# Cuba!  Get ready!



## tnthomas (Feb 12, 2015)

As I was born in Cuba I have a particular interest in seeing the U.S. finally _normalizing _relations with Cuba.   I don't really have a 'bucket list'(love the movie) but if I did, it would have travel to Cuba at the top.    Besides seeing the sights and doing some family research I would like to enjoy a Cuban Cigar while sipping an espresso from a demitasse cup, which I recall my father speaking of.
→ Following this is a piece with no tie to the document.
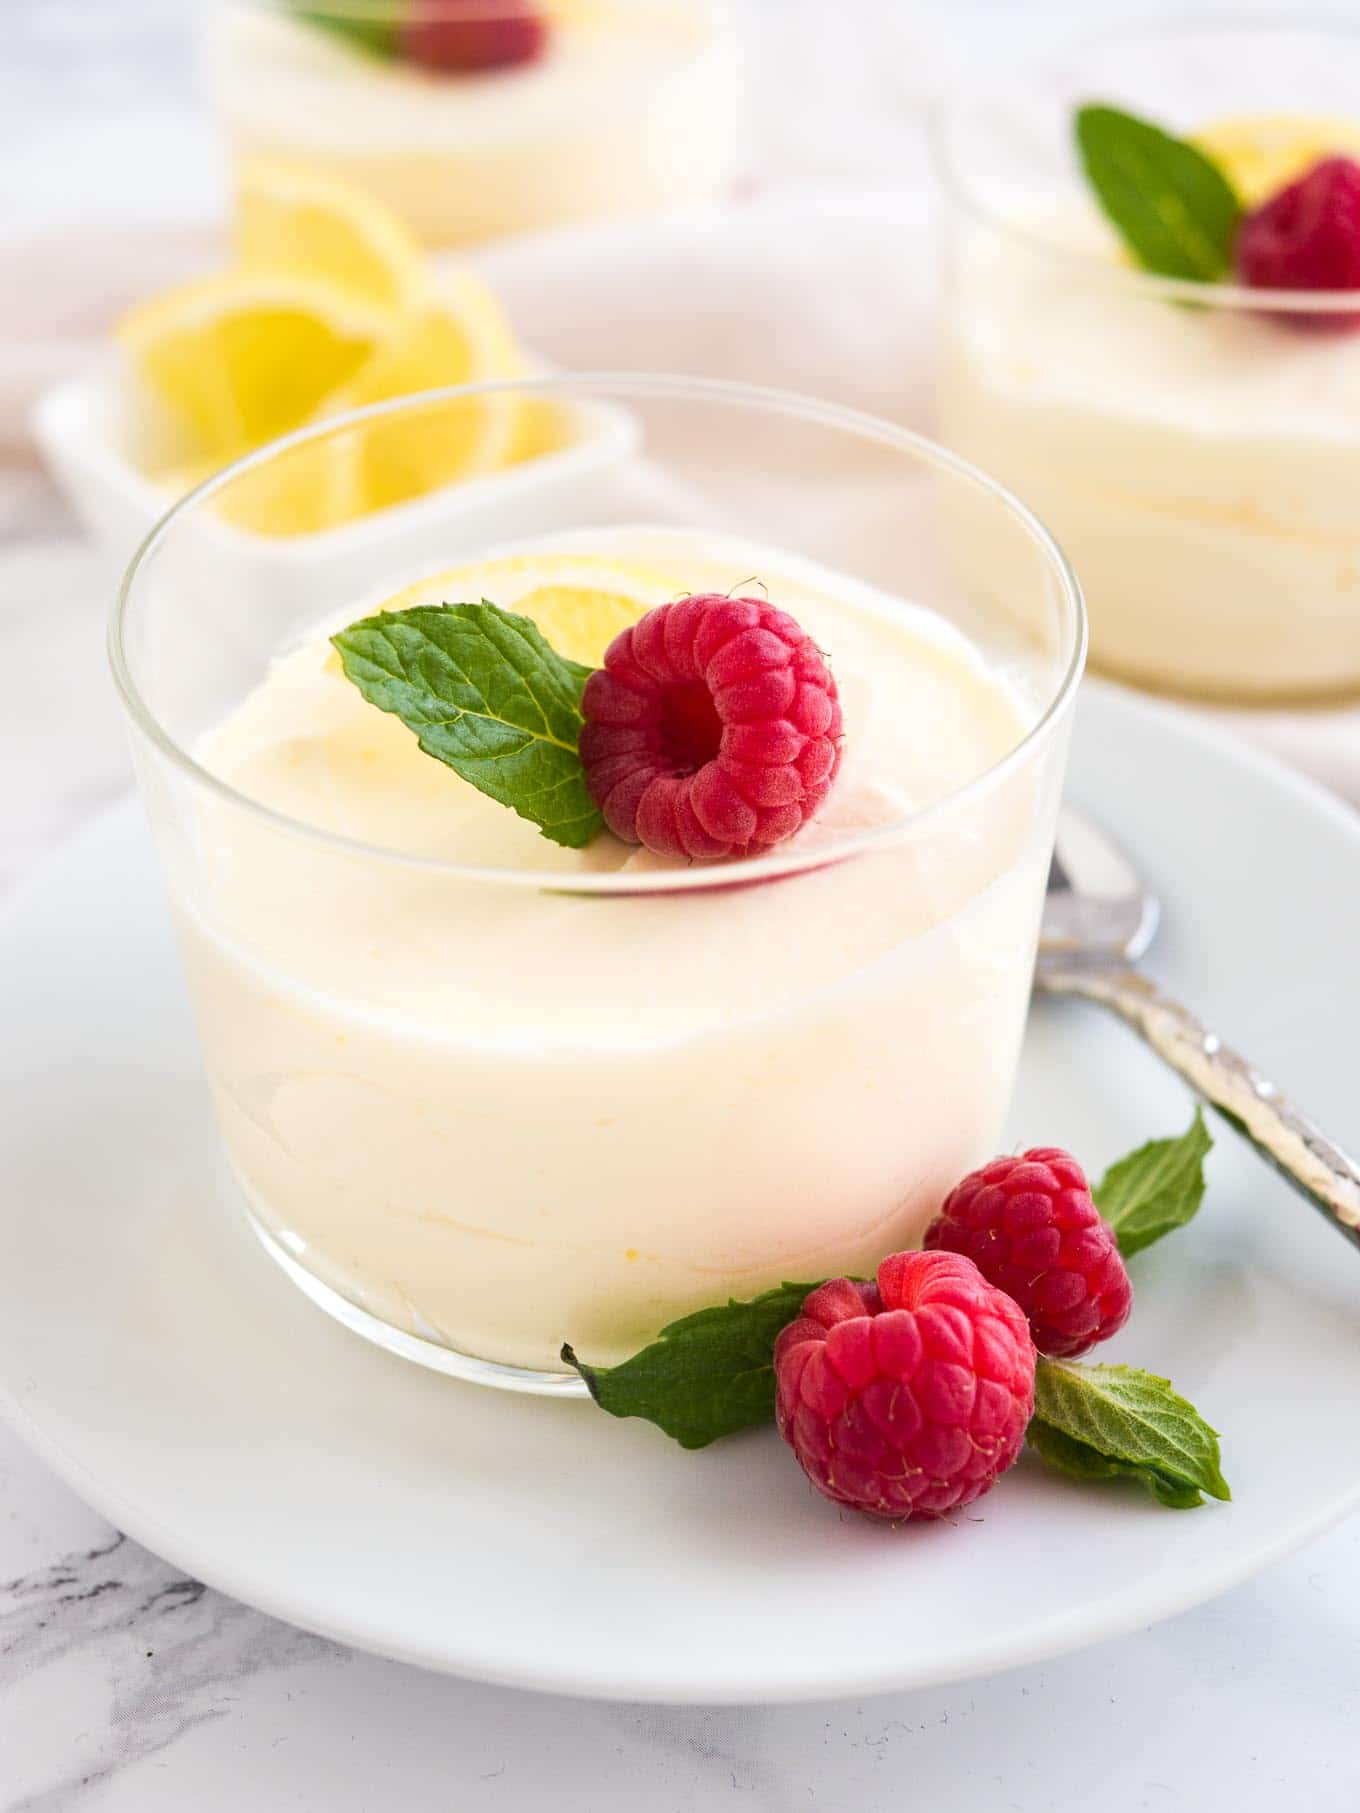 Lemon Mousse Recipe {Easy Summer Dessert} | Plated Cravings

Here's a well made video on the Story of Cuban Cigars, which in the opener gives a brief recap of the last 500 years of Cuban(and cigar) history.

CubaNow

Cuba people-to-people


----------



## QuickSilver (Feb 12, 2015)

I would LOVE to go to Havana..   So many stories about it's heyday when it was the vacation spot of the Wealthy..   Not interested in the cigars.. but the Rum sounds wonderful.


----------



## AZ Jim (Feb 12, 2015)

It's about time!  Now to get some help from congress.


----------



## tnthomas (Feb 12, 2015)

Even though I don't smoke, having a Cuban cigar will be kind of a ritual.    I can't drink alcohol so unfortunately the rum and all the fine Cuban drinks will have to be admired visually.     With over 190 nations ignoring the U.S. embargo there are abundant world class resort venues in Cuba.  A link: http://www.paradisuscuba.com/

When I do go to Cuba I'd rather stay in Havana, preferably in less pretentious accommodations than the tourist oriented locales.


----------



## QuickSilver (Feb 12, 2015)

tnthomas said:


> Even though I don't smoke, having a Cuban cigar will be kind of a ritual.    I can't drink alcohol so unfortunately the rum and all the fine Cuban drinks will have to be admired visually.     With over 190 nations ignoring the U.S. embargo there are abundant world class resort venues in Cuba.  A link: http://www.paradisuscuba.com/
> 
> When I do go to Cuba I'd rather stay in Havana, preferably in less pretentious accommodations than the tourist oriented locales.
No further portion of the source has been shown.